Pienso en Higui, por ejemplo. Eva Analía de Jesús, como dice la periodista argentina Adriana Carrasco, “no es simplemente lesbiana. Higui es lesbiana-machona-pobre-negra en un solo concepto”. Higui también es una trabajadora de la economía popular, también es cartonera. Higui pasaba en frente de las casas con jardín preguntando, “señora, señor, ¿quiere que le corte el pasto?», también es plomera, albañil, limpiadora. De todo para ganarse la vida. 

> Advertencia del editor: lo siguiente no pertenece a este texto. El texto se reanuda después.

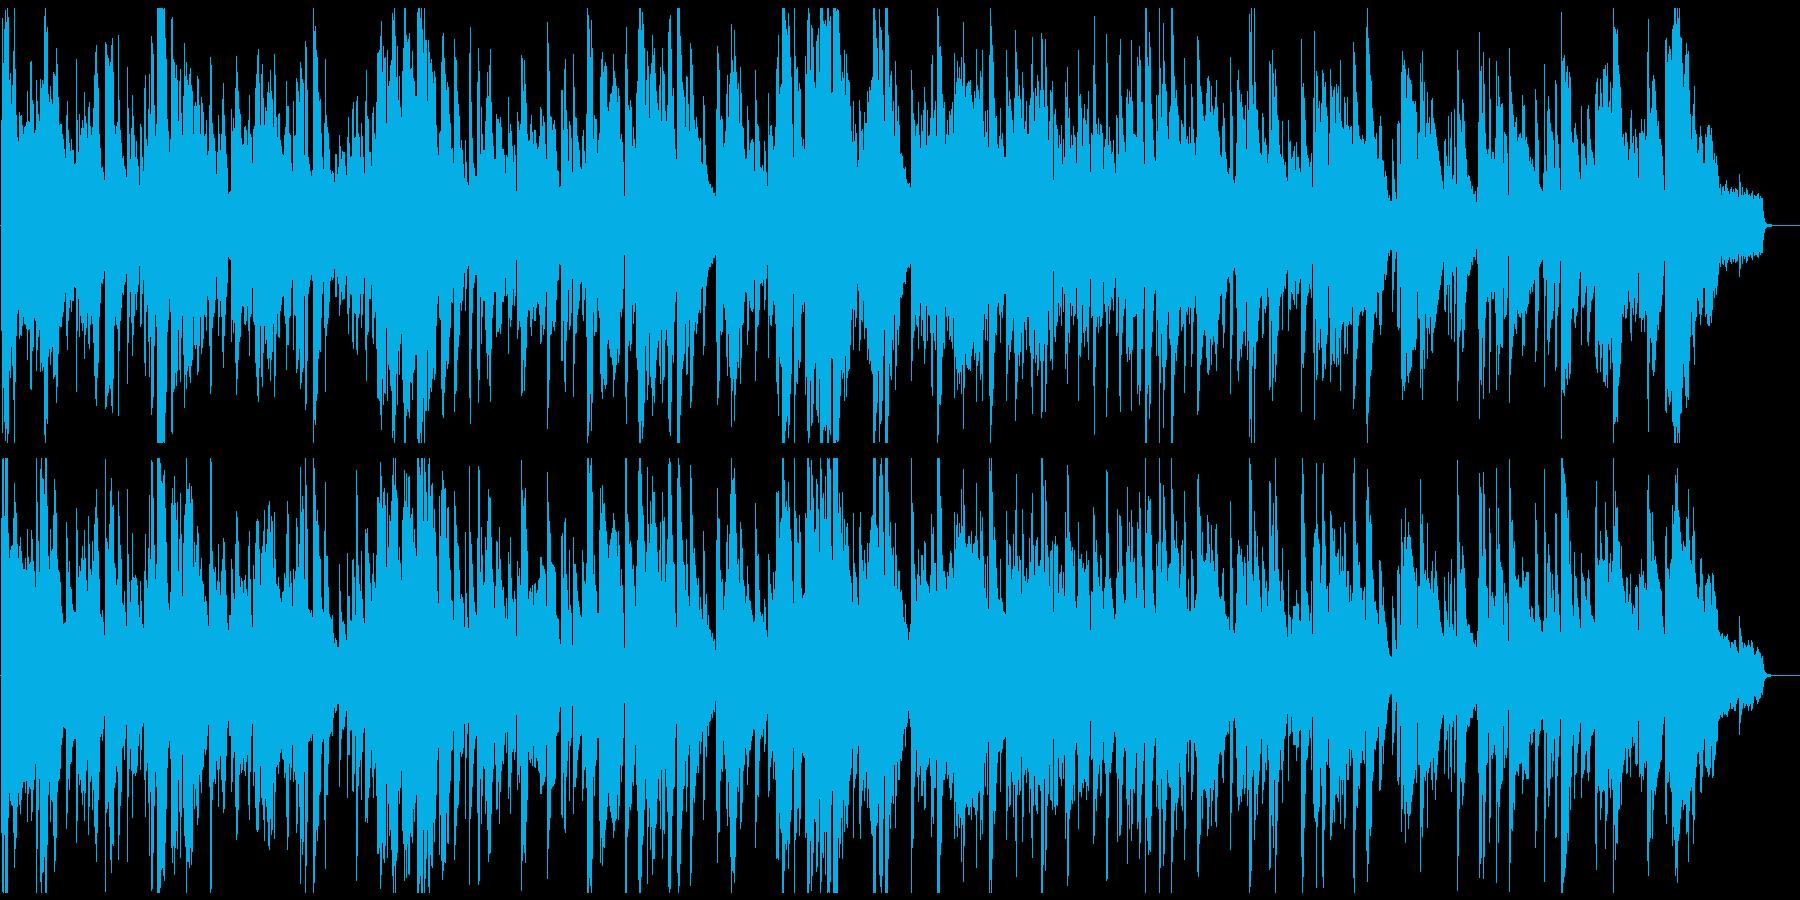 生演奏アルトサックスの耽美な低速ジャズの再生済みの波形

Higui llevaba toda la vida recibiendo acoso, insultos y pedradas por ser marimacho, le quemaron la casa donde vivía por ser lesbiana y fue acusada de homicidio en 2016 por defenderse de una violación correctiva. Pasó nueve meses en la cárcel. Las movilizaciones lésbicas y feministas lograron ejercer la presión suficiente para que fuera absuelta. Sigue siendo una lesbiana de clase trabajadora a la que se le “nota mucho”, una machorra. 

Con una sonrisa Pamela mira a la cámara, también “se le nota” mucho que es tortillera. También recibía insultos lesbófobos, también le quemaron la pieza por lesbiana. A Pamela la mataron porque era pobre y porque se le notaba mucho que era lesbiana. 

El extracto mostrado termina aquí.